I've been thinking about this article for a while now. I've written to the lead author asking about the inclusion of medical residents-in-training in their statistics but have yet to hear back. Including residents may hide important trends. For example, new residency programs may have opened during the study period. Trading doctors who are fresh out of internship for experienced specialists is not a good deal, but the numbers as used wouldn't show this.

Another question I have is 'compared to what?' What has happened in other states during this time? According to the Dauphin County Medical Society, among the twenty most populous states, only Pennsylvania and California saw their physician supply drop during the study period. All others saw an increase of 10-20% in physician supply.



Sunday, May 6, 2007

I'm a Better Anesthesiologist Today Than A Year Ago

At the end of this busy week I began to reflect on how this week was different than an average week would have been even a year ago.  It was different both for me and for a significant number of my patients.  Hopefully, it was as good for patients as it was for me.

For the first ten years after I finished my training I did not believe nerve blocks for extremity surgery were worth doing.  Surgeons didn't want to wait for me to do them or for the blocks to 'set up.'  Blocks failed a certain amount  of the time. There were complications that just didn't happen when 'numbing the big nerve.'

My thoughts on all this changed, not because of a journal article or discussions with a colleague, but because of an article in Wired magazine.  The Painful Truth was an article on the use of regional anesthesia to improve medical care to our wounded soldiers in Iraq and Afghanistan:

Now Buckenmaier is leading a group of army doctors and nurses determined, as he puts it, "to drag the military kicking and screaming into the 21st century." His team believes the future of wartime pain control is a new form of anesthesia called a continuous peripheral nerve block, which takes a more targeted approach by switching off only the pain signals coming from the injured limb, leaving patients' vital signs and cortical functions unimpaired.

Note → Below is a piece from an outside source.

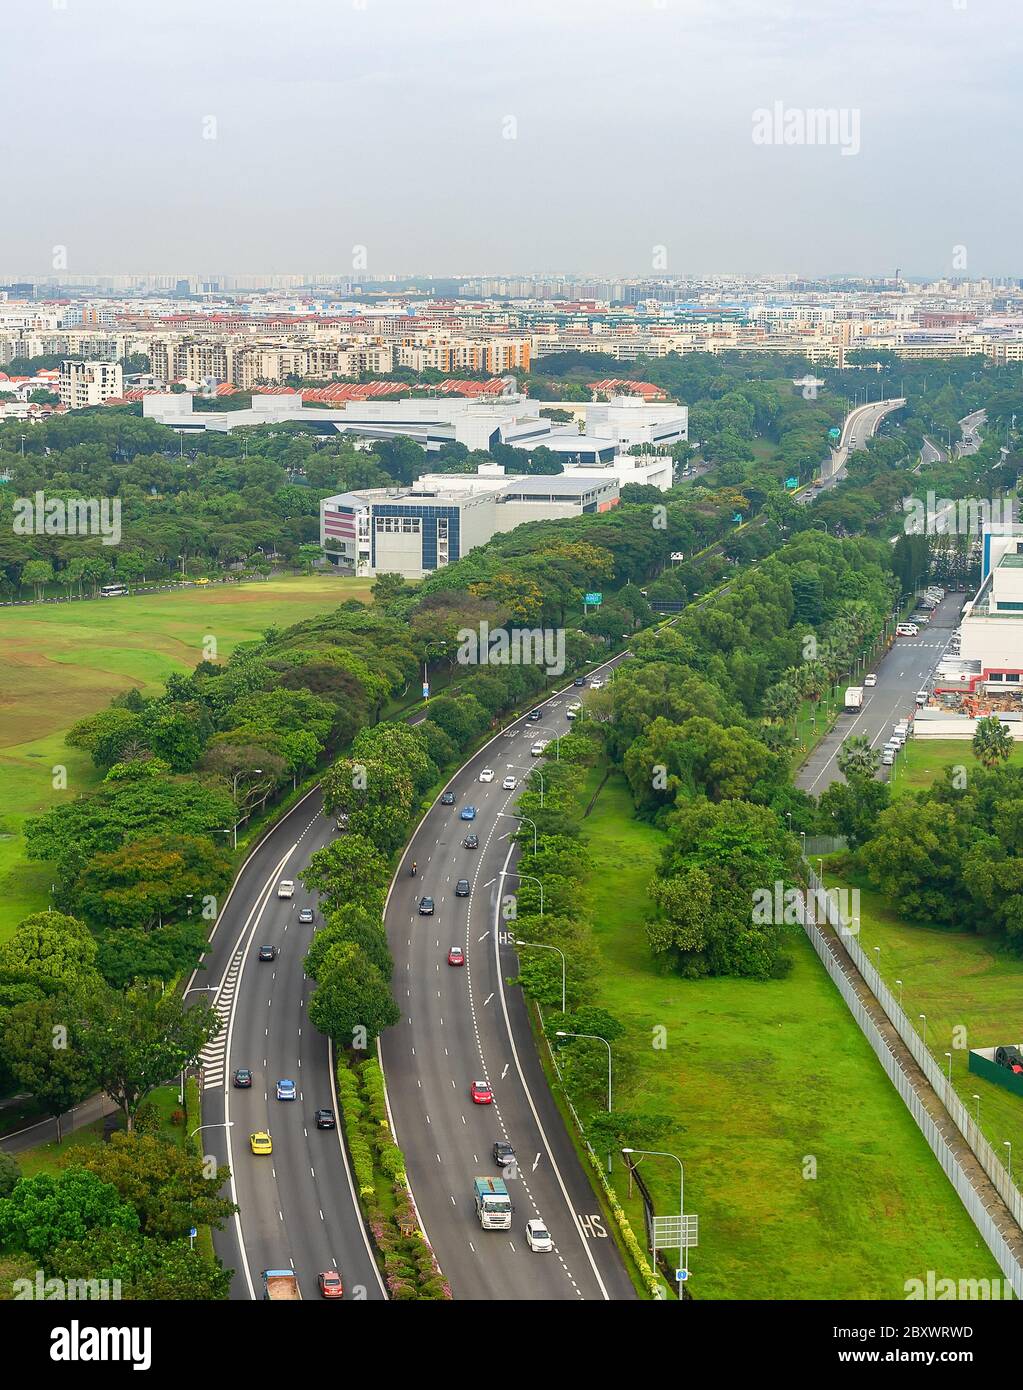 Luftaufnahme von Singapur mit PKW-Verkehr auf der Autobahn, grüne Landschaft mit modernen Stadtbild im Hintergrund Stockfoto
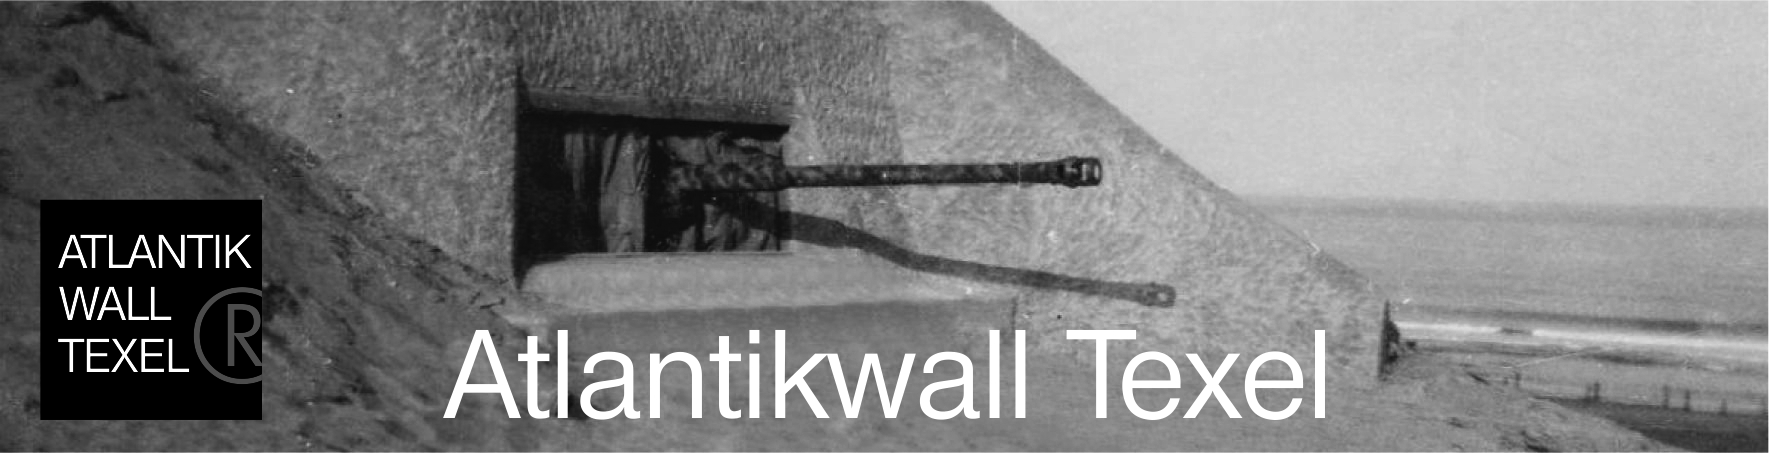 ATLANTIKWALL TEXEL logo

The applicability to civilian anesthesia was obvious.  In my hospital, when someone gets a knee replaced, the surgeon usually blindly injects a large amount of local anesthetic in the general vicinity of the femoral nerve and we dope them up with morphine.  Patients are in the hospital for three days largely for pain control issues, all the while at risk for nausea, vomiting, respiratory depression, etc.

I took a second look at regional anesthesia and decided to use it in my practice again.  This week two elderly ladies had total shoulder replacements after having interscalene blocks. They were pain free for the rest of that day.  Six of my patients had knee replacements after femoral and sciatic blocks.  They had no pain until the next morning.

With catheter techniques, these pain-free intervals will be measured in days instead of hours.  The surgeons are giving us the time to do these techniques because they are hearing about how good they are for patients at their own national meetings.  My colleagues who 'didn't do blocks' have learned to do simple femoral nerve blocks and want to learn others.

It was a good week for me because I love seeing patients do well. It was a good week for my patients (whether they knew it or not) because they trusted me enough to let me poke them with a needle once or twice to make their recovery that much easier.  By next year I hope to be placing catheters and doing infusions.  Thanks, Trip Buckenmaier.